June 26, 2020 By raadmin

copper-colored coins on in person's hands

Thanks to the ATO’s COVID-19 early release of super, those who have been financially affected maybe able to access some of their super early. However, since there is no restriction on how this money can be spent, eligible individuals can use this money for anything they choose or save it for future expenses. They can also recontribute some amounts back into their superannuation if they meet the contributions rules (both eligibility and acceptance) and, in the case of SMSFs, their trust deed allows it.  

This recontribution strategy involves withdrawing a lump sum and recontributing these funds into super as a non-concessional or concessional contribution, in which the individual can claim a tax deduction for the contributed amount. Although recontribution strategies are acceptable, it is important to understand that the new early release scheme is aimed to help those who are affected by COVID-19, not to help individuals obtain tax benefits. The ATO is now concerned that these actions have become prevalent and has issued a warning: “COVID-19 Early release of super – integrity and compliance”.  
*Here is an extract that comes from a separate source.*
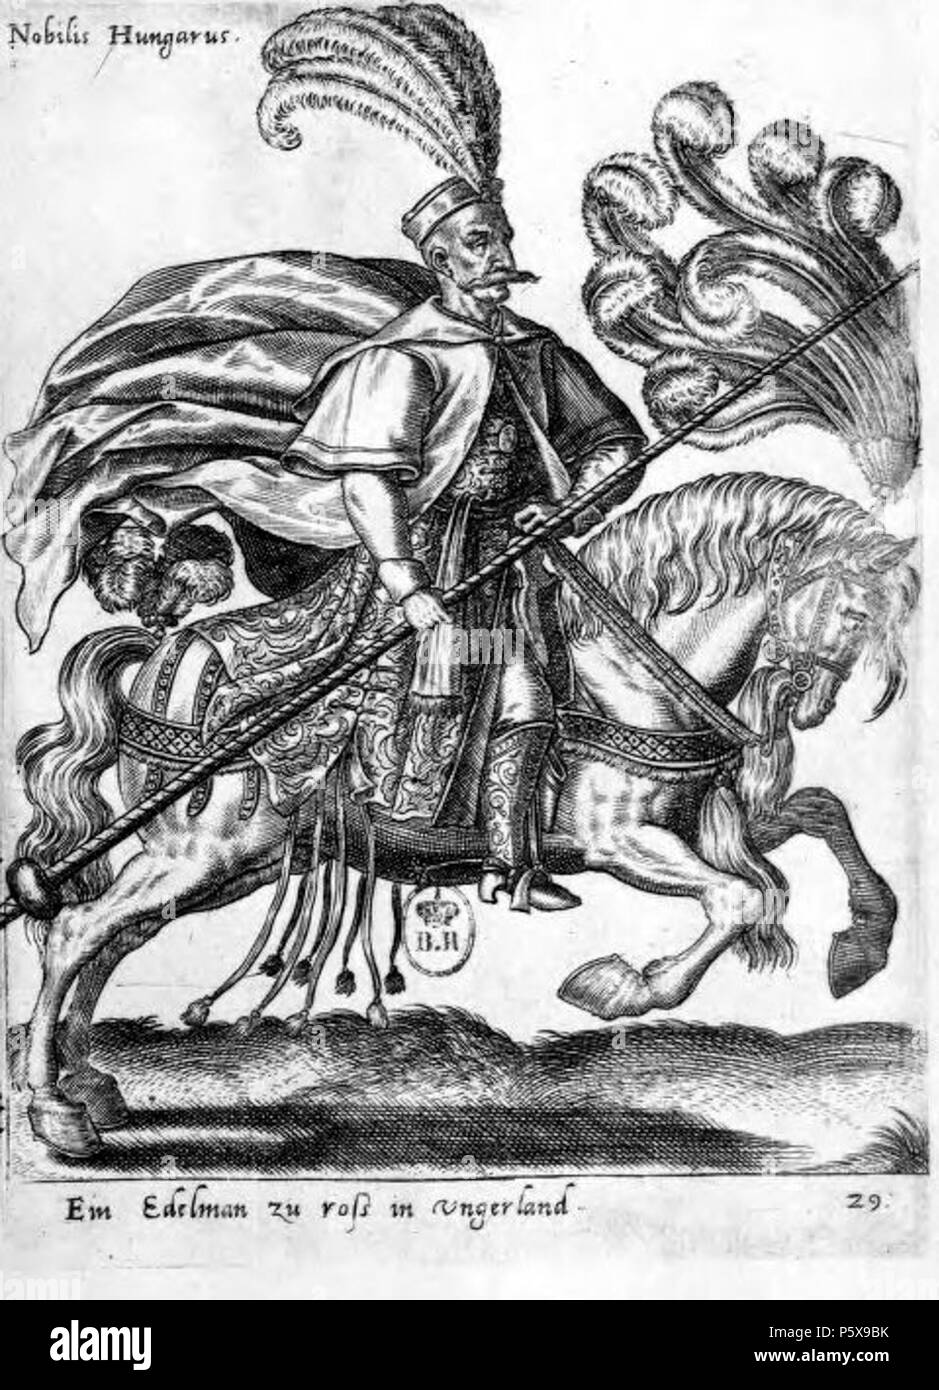 458 Diversarum Gentium Armatura Equestris Nobilis Hungarus(Noble hongrois à cheval. Costume et équipements militaires.) Stock Photo

The ATO highlighted the following aspects of the tax law related to superannuation that can happen if individuals use the mentioned recontribution strategy: 

  • Excess contributions tax; individuals may need to pay additional tax if they exceed the concessional or non-concessional contributions cap 
  • Contributions tax; concessional contributions made to a super fund are taxed at the 15% rate by the fund 
  • affecting eligibility for a super co-contribution 
  • Division 293 tax; individuals may need to pay additional tax due to income and personal super contributions. 

Furthermore, if individuals enter the COVID-19 early super scheme mainly for the purpose of obtaining a tax benefit, the application of Part IVA can happen. The ATO says schemes under COVID-19 early release of super that attract its attention include: 

  • artificially arranging affairs to meet the eligibility criteria 
  • withdrawing and recontributing super to claim a tax deduction 
  • contributing an amount of super to claim a deduction and then withdrawing that amount. 

Where Part IVA applies to a scheme, the tax benefit obtained may be cancelled. Administrative penalties and interest charges can also apply.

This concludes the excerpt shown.